太陽よりも まぶしくて
海よりも深く 月より優しくて
あなたの存在が愛しくて 僕は瞼を閉じ 夢に迷う

言葉は全て儚くて つぼみのままに 色あせて
何からあなたに伝えれば
何をあなたに伝えれば
この夢は覚めるというの?どうか夢よ夢のままに冷めないで…

七月の空は 雨模様
湿った風が 髪を揺らす
雨音に 負けるくらいの大きな声で あなたの事を振り向かせたい

8月の暑さがアスファルトを焦がす前に 蜃気楼に惑わされる前に あなたの気持ちを確かめたい 声を聴きたい 抱きしめたい…
あなたに会えない日々が苦しくて
あなたを想う日々が切なくて
僕は夢の中でさえ あなたのことを探してる…
ため息 からまわり 涙降る夜は 恋しいせいか イマがあまりに苦しいせいか あなたの事をよく思い出します

退屈な未来や 当たり前の日常が嫌で 這いつくばってでも前に進もうとする僕は何時しか あなたを失い一人になりました

あなたが好きだった、夏の始まりに咲く あの花の名前は何でしょう?
夜空を照らす 大輪のあの花の名前は何でしょう?

五年かかってたどり着いたこの僕を見てほしかったのは やっぱりあなただけでした、一番近くにいて一番傷つけてしまっていた あなたが 今では一番遠くて僕の声なんか届かないなんて なんて哀しく 切ないのでしょう…

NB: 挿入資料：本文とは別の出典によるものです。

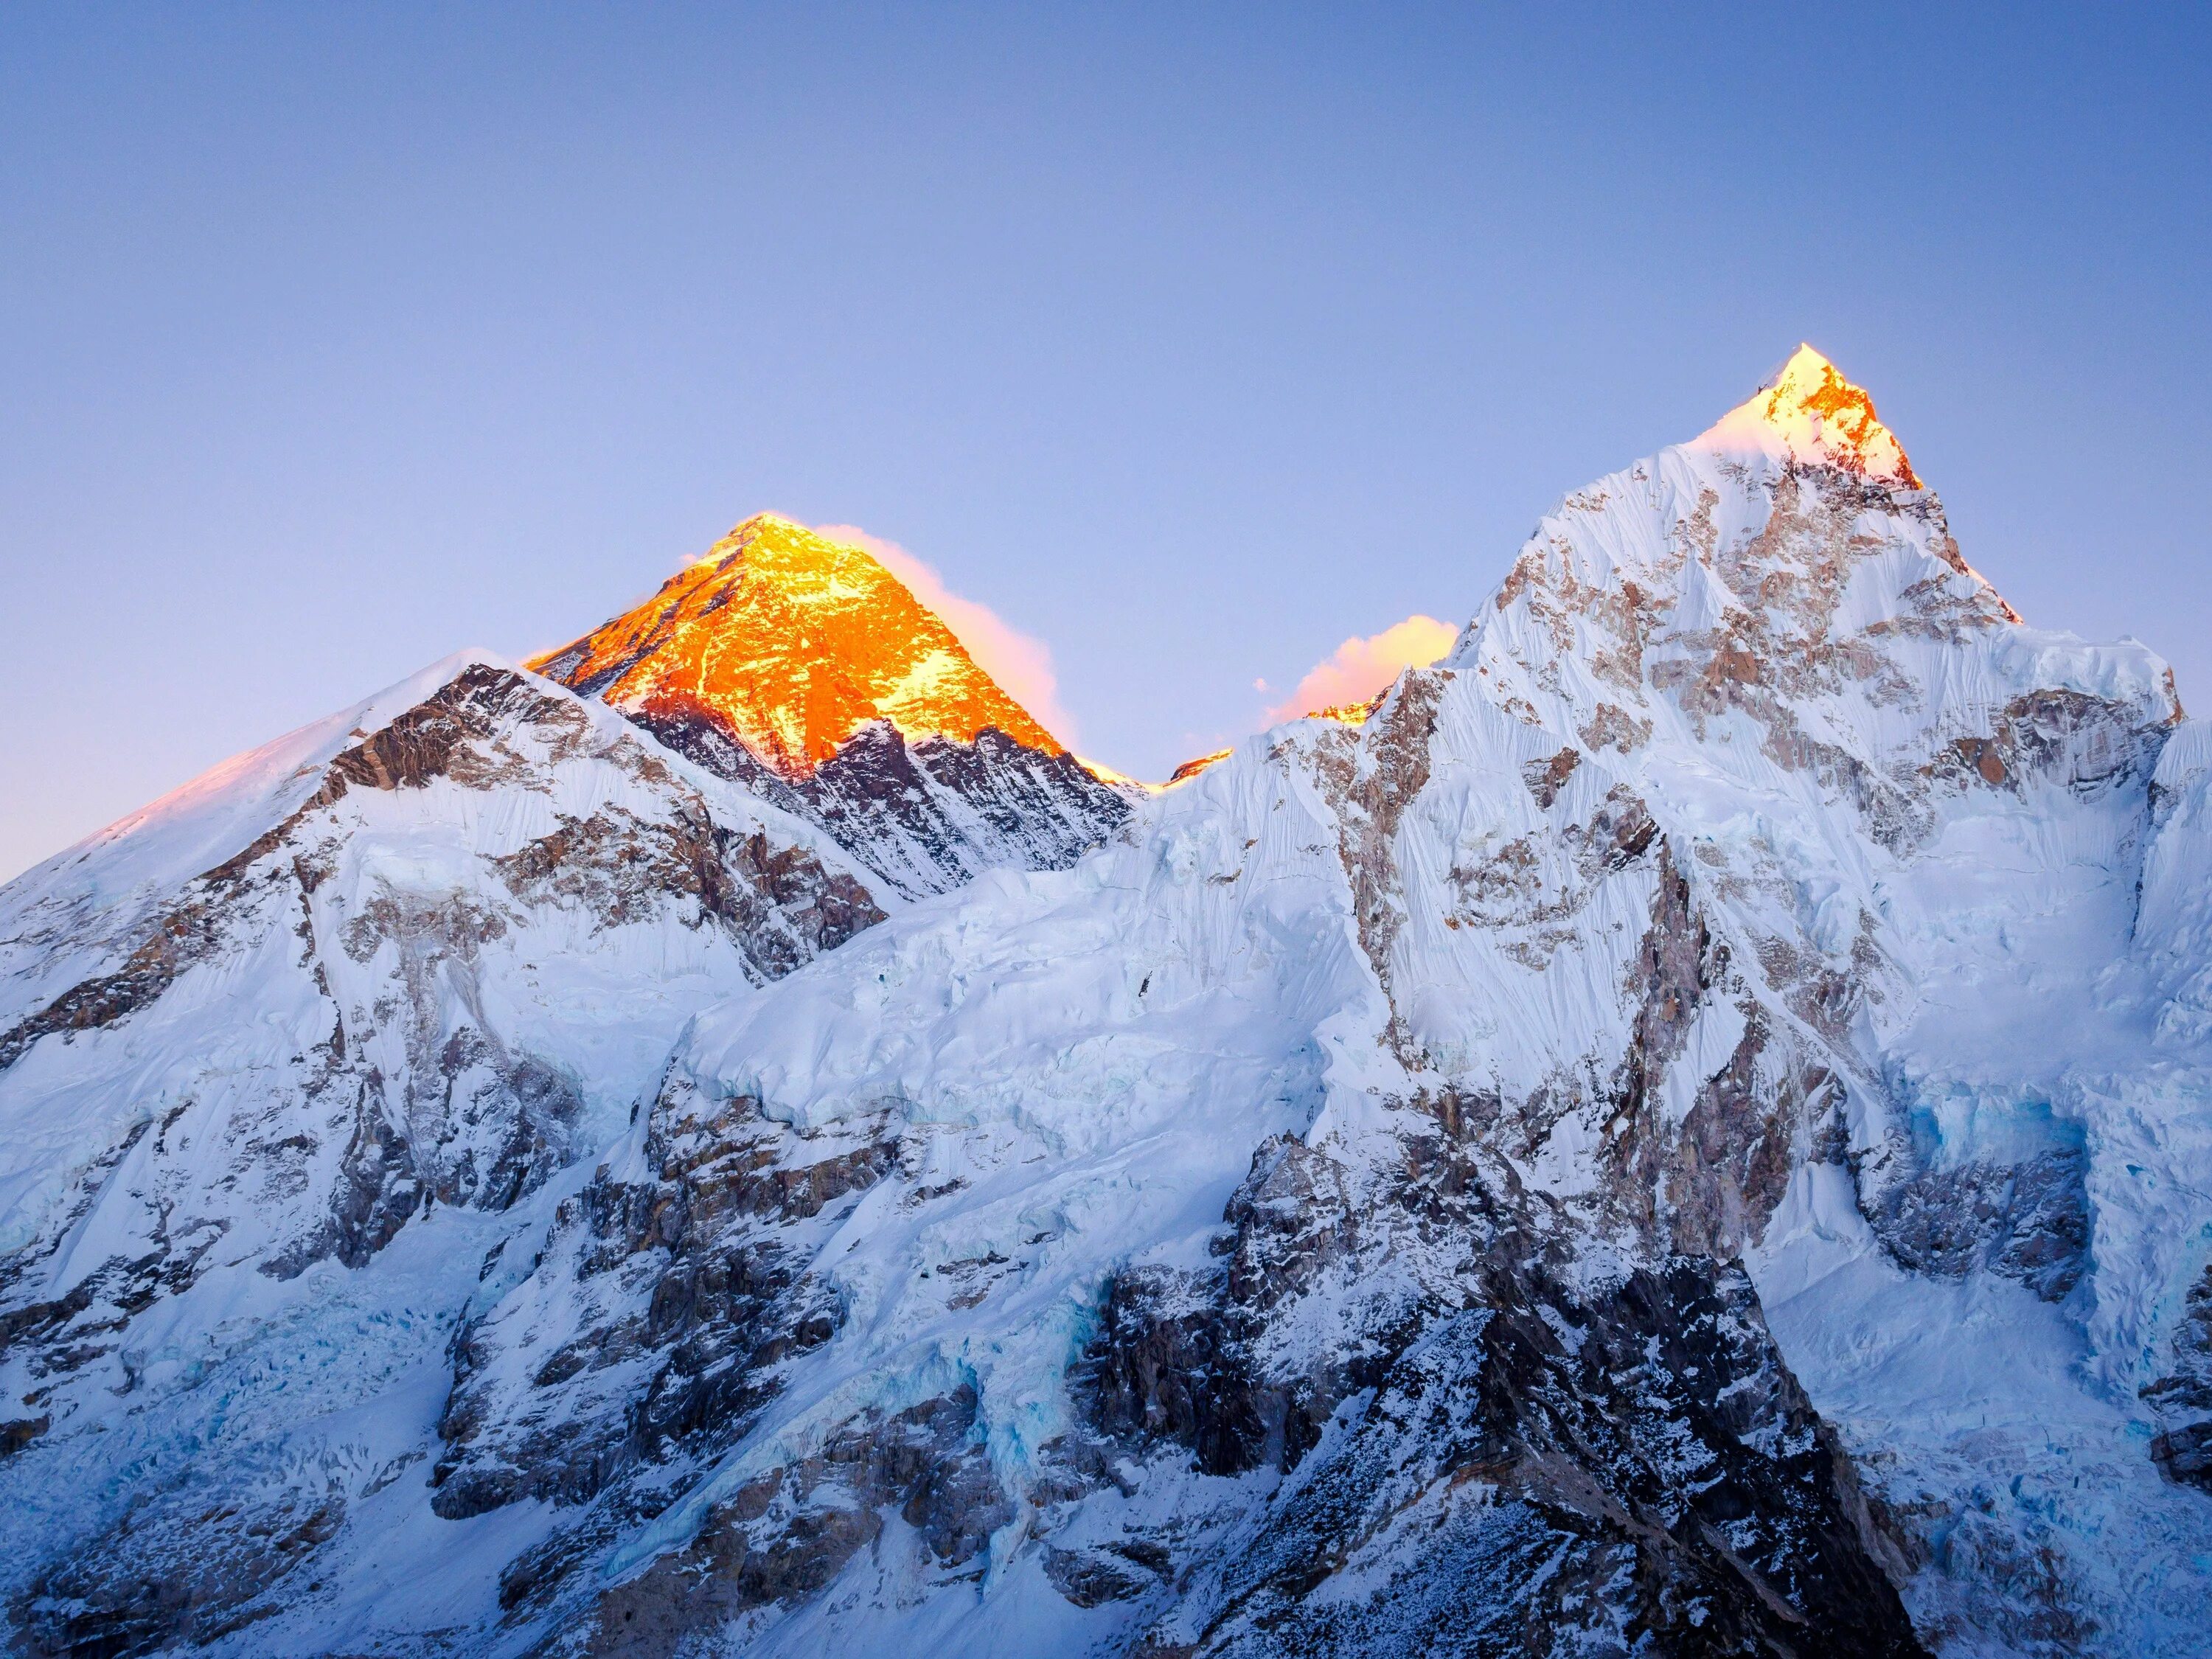 Гималаи Эверест Джомолунгма. Гора Эверест (Джомолунгма). Гималаи. «Сагарматха» = Эверест = Джомолунгма). Непал Гималаи Эверест. Білім шыңы

あなたよ 花よ 五年よ 寂寥よ 僕は忘れない 名前なんか忘れたとしても あの時の あの瞬間の あの感情達を 絶対に忘れない…
…もう一度、あなたに会える機会があるならば 僕は きっとあなたを好きになる。

あなたの過去も未来も知らないし、触れたことも近づいたことさえないというのに、もう一度、あなたに会えたなら 僕はあなたを好きになる。

あなたとの離れ際、現状に踏みとどまろうとする足と あなたをつかもうとする手が 僕の心を締め付けた…歩むことと、立ち止まること どちらが前に進む道なのか、どちらが僕には大切なのか……

分かってる、分かってるさ

悩むことは答えになどならないこと、ピストルの弾でさえ 方向を定めなければ 前には進めないように 僕も導き出す答えをしっかりと早く方向づけなければいけないこと…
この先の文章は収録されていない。